WHAT TO PRODUCE
In the listing below, count the lines with "Mens" and report only the figure.
□ □ □
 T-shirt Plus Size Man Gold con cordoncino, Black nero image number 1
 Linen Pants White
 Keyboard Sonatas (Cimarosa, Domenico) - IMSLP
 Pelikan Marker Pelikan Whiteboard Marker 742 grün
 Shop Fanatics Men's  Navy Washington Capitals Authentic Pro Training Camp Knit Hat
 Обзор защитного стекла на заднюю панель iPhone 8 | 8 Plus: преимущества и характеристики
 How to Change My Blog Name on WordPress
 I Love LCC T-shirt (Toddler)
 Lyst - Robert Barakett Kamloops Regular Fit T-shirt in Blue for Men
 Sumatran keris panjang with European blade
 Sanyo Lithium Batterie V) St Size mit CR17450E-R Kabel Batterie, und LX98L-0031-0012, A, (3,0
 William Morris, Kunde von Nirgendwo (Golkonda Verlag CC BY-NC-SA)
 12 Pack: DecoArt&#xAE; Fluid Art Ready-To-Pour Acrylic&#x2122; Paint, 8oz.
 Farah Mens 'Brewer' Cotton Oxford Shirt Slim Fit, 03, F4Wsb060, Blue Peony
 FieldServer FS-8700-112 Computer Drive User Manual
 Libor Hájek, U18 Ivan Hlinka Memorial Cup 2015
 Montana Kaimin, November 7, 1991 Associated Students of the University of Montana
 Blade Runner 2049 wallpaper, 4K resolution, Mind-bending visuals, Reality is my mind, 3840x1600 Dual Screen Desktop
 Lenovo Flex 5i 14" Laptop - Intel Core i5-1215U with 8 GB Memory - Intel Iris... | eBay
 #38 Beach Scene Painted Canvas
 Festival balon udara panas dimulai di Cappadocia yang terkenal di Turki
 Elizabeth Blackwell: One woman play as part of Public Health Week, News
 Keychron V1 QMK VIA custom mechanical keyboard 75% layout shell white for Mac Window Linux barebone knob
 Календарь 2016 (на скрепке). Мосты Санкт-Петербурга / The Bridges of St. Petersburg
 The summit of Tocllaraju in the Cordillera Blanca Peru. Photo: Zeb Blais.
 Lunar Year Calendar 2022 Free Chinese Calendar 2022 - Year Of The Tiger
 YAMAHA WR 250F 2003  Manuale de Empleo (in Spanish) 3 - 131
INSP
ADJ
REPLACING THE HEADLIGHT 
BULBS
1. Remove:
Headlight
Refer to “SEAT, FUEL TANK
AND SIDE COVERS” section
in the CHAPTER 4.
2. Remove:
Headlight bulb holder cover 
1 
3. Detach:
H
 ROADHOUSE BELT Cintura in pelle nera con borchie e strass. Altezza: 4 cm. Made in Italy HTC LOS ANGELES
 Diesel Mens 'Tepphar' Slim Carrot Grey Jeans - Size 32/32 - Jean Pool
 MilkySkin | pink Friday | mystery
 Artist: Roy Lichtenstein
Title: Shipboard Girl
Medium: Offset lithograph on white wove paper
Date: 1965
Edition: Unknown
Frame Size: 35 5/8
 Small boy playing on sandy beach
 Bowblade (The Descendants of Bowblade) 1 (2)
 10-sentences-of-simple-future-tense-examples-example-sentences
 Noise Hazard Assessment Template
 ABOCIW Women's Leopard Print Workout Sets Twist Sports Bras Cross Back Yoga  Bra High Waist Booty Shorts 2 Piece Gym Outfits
□ □ □
ANSWER FOR THE TASK
2